I'm on vacation at the moment, but since I see people haring off on this task I'll throw in a quick comment.

If the problem is the actual error reported here, this is a duplicate of T55663: Getting the referring pages takes up too much memory (due to included image metadata). iiprop=metadata can be problematic.

If the problem here is @Framawiki's assertion that no API call should ever result in a 500 with a non-API-formatted response body, the task should be rewritten to reflect that in the title and description instead of it being implied. Then, since that's not possible when something runs into a PHP fatal error like this, the task should be declined in favor of fixing PHP fatals through the normal task prioritization process.

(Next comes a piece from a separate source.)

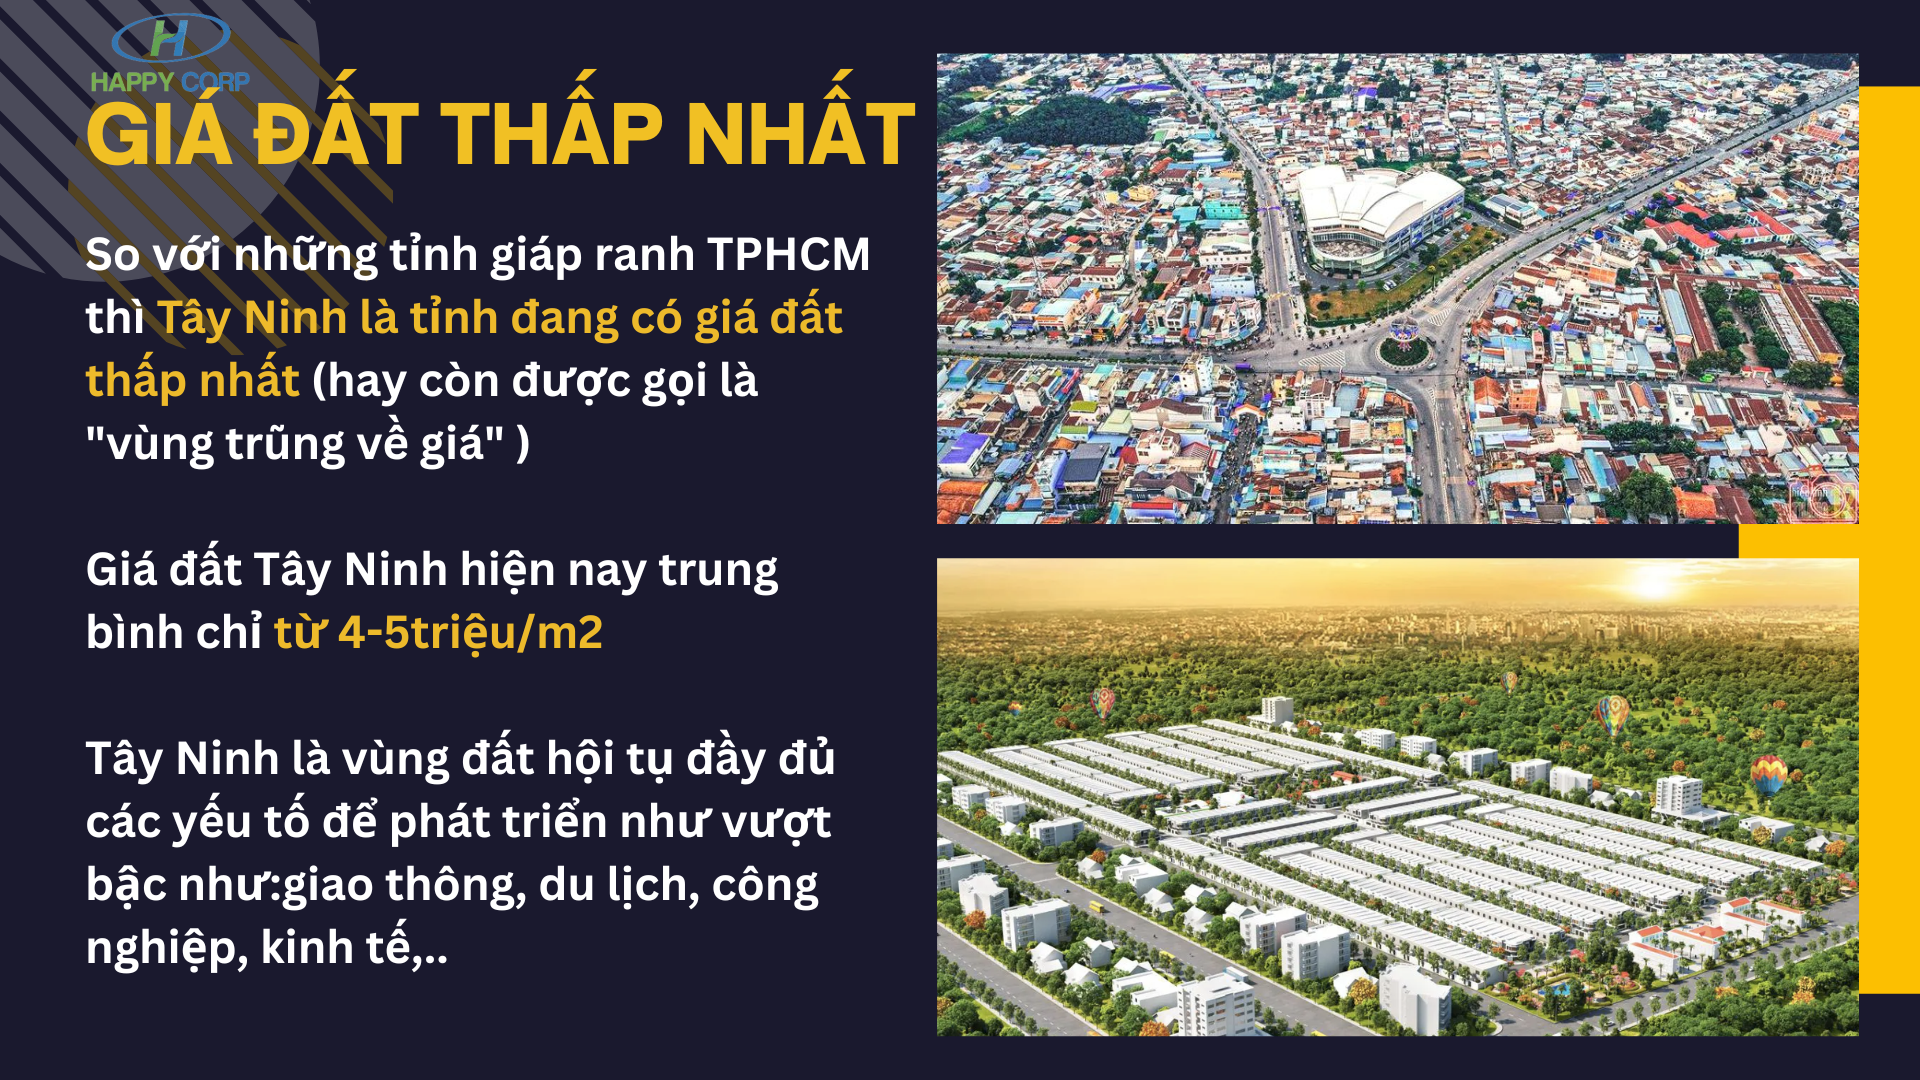 Giá đất Tây Ninh rẻ nhất so với những tỉnh giáp ranh TP. HCM

Framawiki renamed this task from Error memory limit reached not handled with action=query, prop=imageinfo to API endpoint should format fatal errors in the requested format, not in HTML.Jun 30 2018, 8:40 AM
Vvjjkkii renamed this task from API endpoint should format fatal errors in the requested format, not in HTML to 2aaaaaaaaa.Jul 1 2018, 1:01 AM
Vvjjkkii triaged this task as High priority.
Vvjjkkii updated the task description. (Show Details)
Vvjjkkii removed a subscriber: Aklapper.
JJMC89 renamed this task from 2aaaaaaaaa to API endpoint should format fatal errors in the requested format, not in HTML.Jul 1 2018, 2:51 AM
JJMC89 raised the priority of this task from High to Needs Triage.
JJMC89 updated the task description. (Show Details)
JJMC89 added a subscriber: Aklapper.